The CDEPS issue this refers to is:

https://github.com/ESCOMP/CDEPS/issues/143

mvertens commented 2 years ago

@ekluzek - I have incorporated a fix that is in the latest CDEPS tag cdeps0.12.47 that makes this case now work. I have compared the cply and cmeps test results and things look good. If you update to the cdeps tag - you will also need to update cime, ccs_config, cmeps and share in ctsm.

ekluzek commented 2 years ago

Perfect -- thank you! I'm assuming this means the nldas2 cases will have different answers?

mvertens commented 2 years ago

Yes - using nuopc will always give you different answers. I have verified that the values coming in from the nldas2 forcings (that are on the same grid as the model) are only roundoff - however the aerosol forcings are mapped from a 2 degree grid to the nldas2 mesh - and since ESMF bilinear mapping is different than the internal cpl7 data model mapping - there will be differences.

ekluzek commented 2 years ago

@mvertens no I mean our non-DEBUG test cases we run with nldas2 with nuopc. Here are the two baselines for ctsm5.1.dev091 on cheyenne. I'm just wondering if I should expect answers to change when I run the test suite for these two tests...

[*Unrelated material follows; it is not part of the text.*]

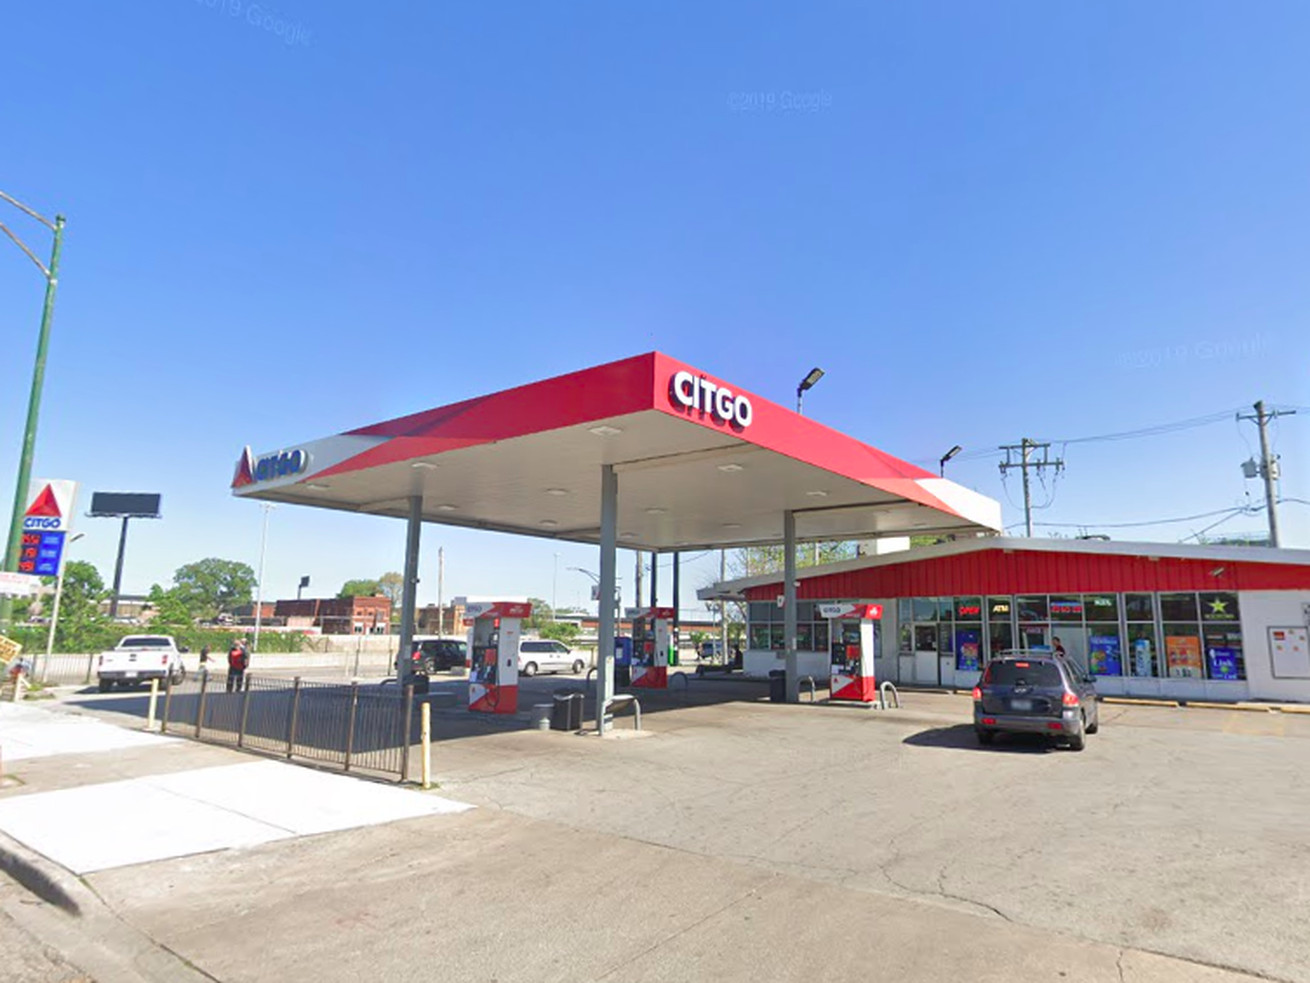 Citgo gas station, 251 W. 63rd St.
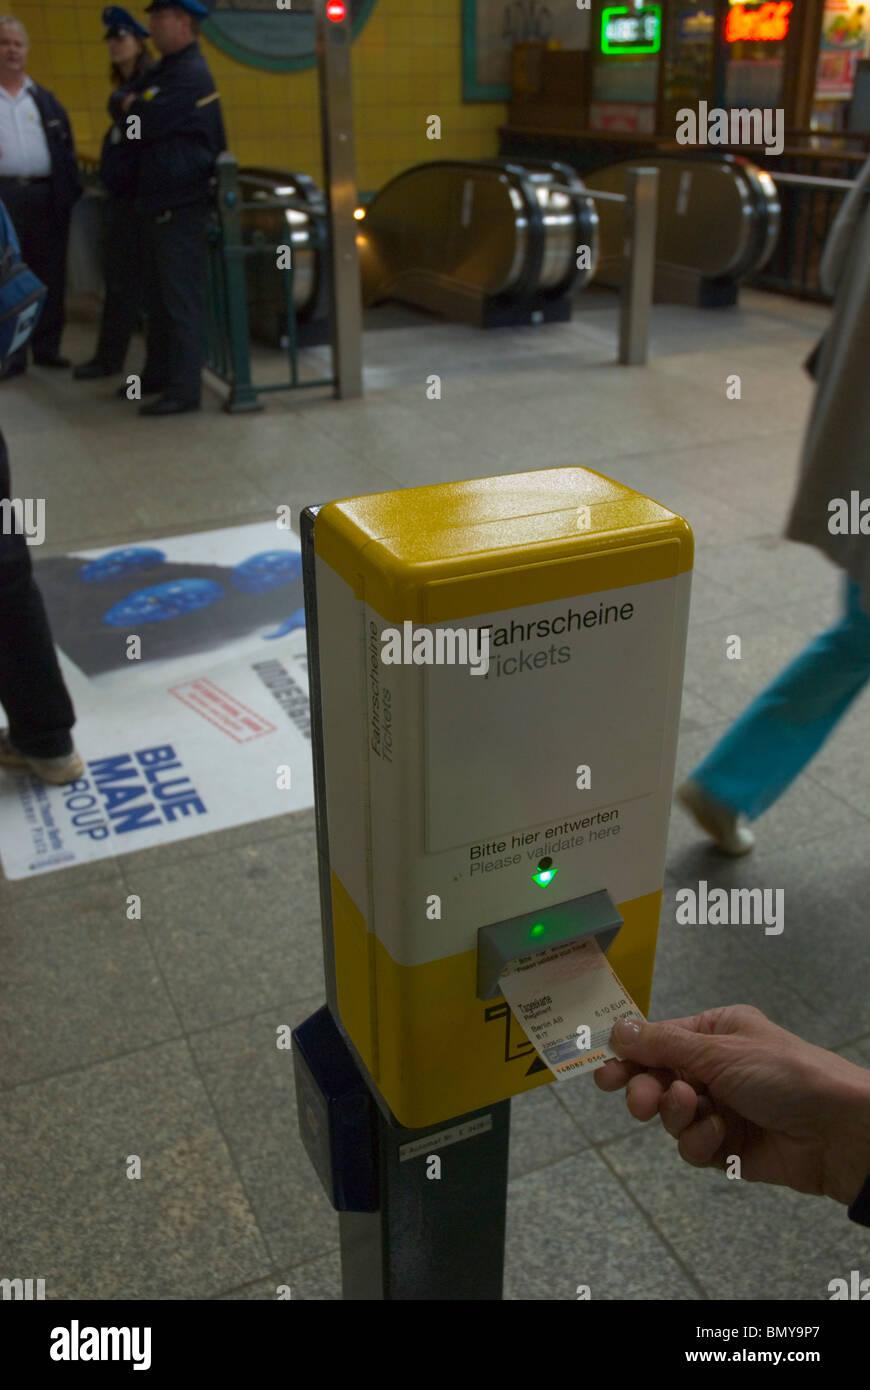 Person validating her ticket at Winterbergplatz metro station west Berlin Germany Europe - Stock Image

/glade/p/cgd/tss/ctsm_baselines/ctsm5.1.dev091/SMS_Ld1_PS.nldas2_rnldas2_mnldas2.I2000Ctsm50NwpSpNldas.cheyenne_gnu.clm-default /glade/p/cgd/tss/ctsm_baselines/ctsm5.1.dev091/SMS_Ld1_PS.nldas2_rnldas2_mnldas2.I2000Ctsm50NwpSpNldasRs.cheyenne_gnu.clm-default

ekluzek commented 1 year ago

The underlying CDEPS issue was fixed. And this seems to have been fixed by ctsm5.1.dev116 so closing.